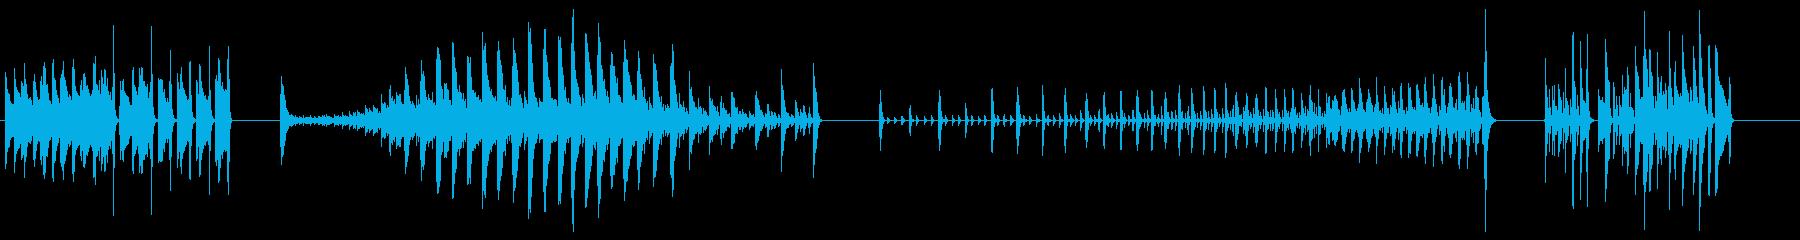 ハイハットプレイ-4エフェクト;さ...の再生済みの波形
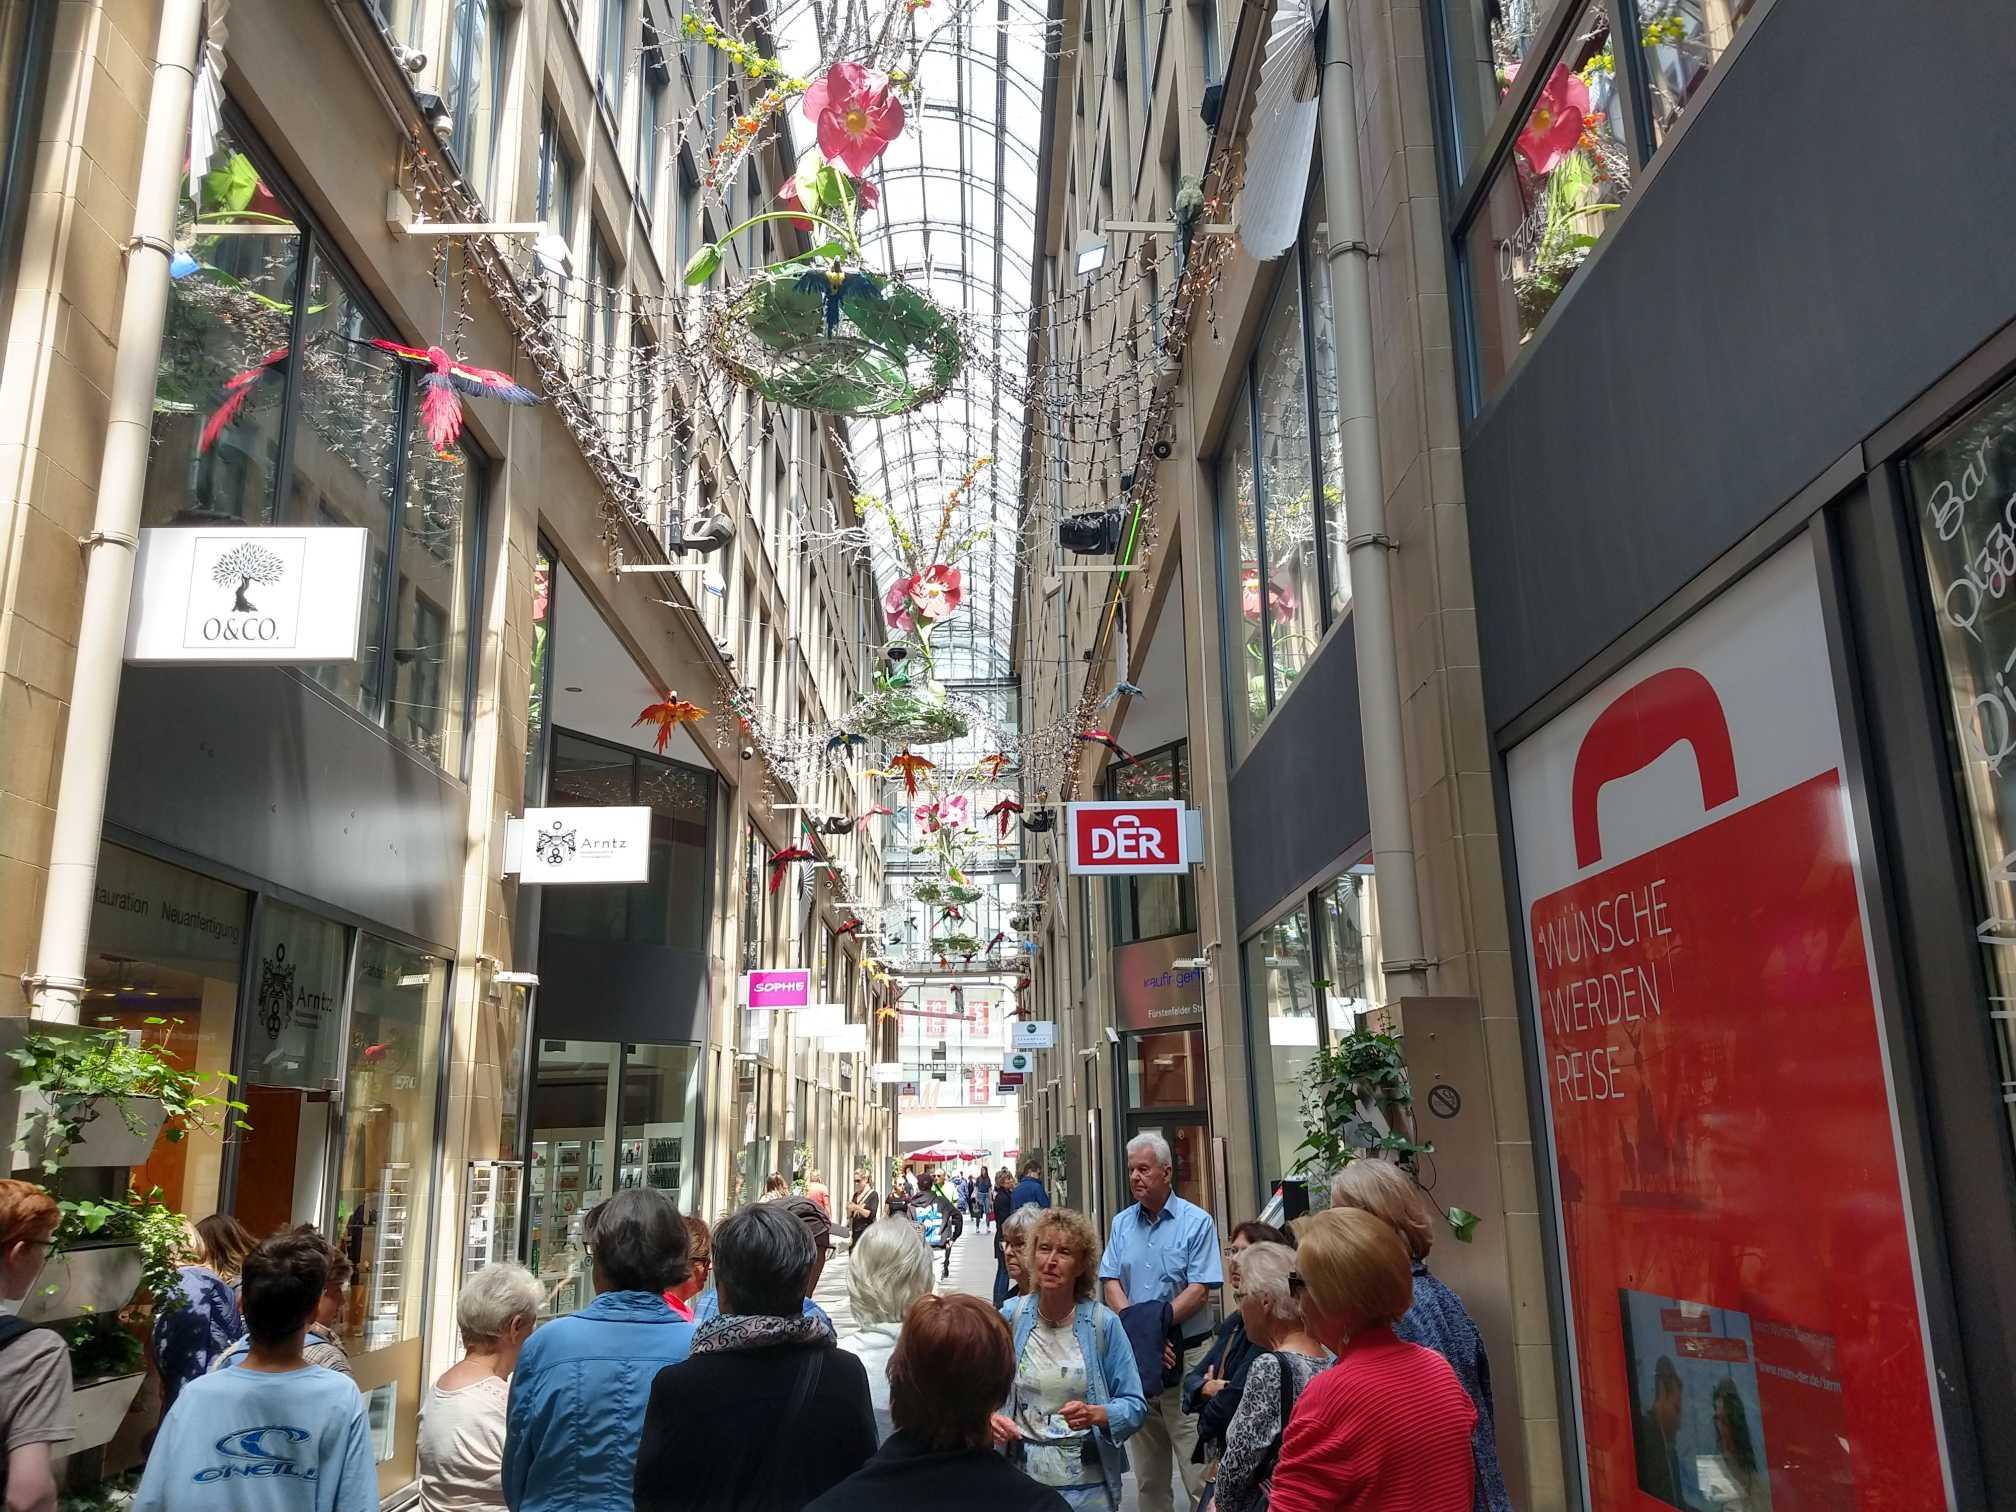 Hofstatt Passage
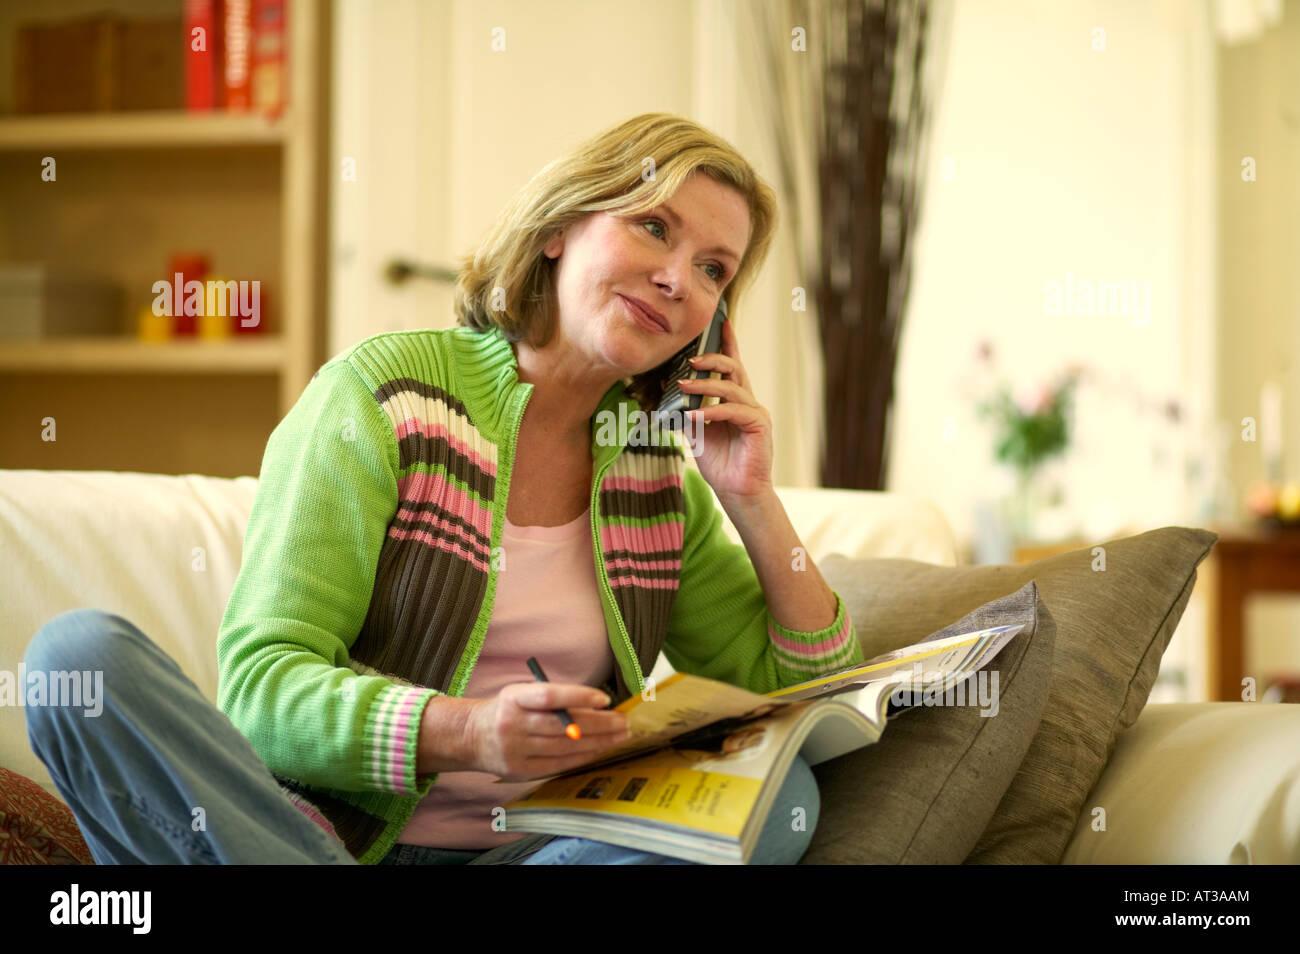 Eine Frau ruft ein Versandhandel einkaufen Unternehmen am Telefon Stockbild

> Description of the task
In your copy, omit the pictures and restate every line of the data word for word.

> Solution for this exercise
 ハイハットプレイ-4エフェクト;さ...の再生済みの波形
 Hofstatt Passage
 Eine Frau ruft ein Versandhandel einkaufen Unternehmen am Telefon Stockbild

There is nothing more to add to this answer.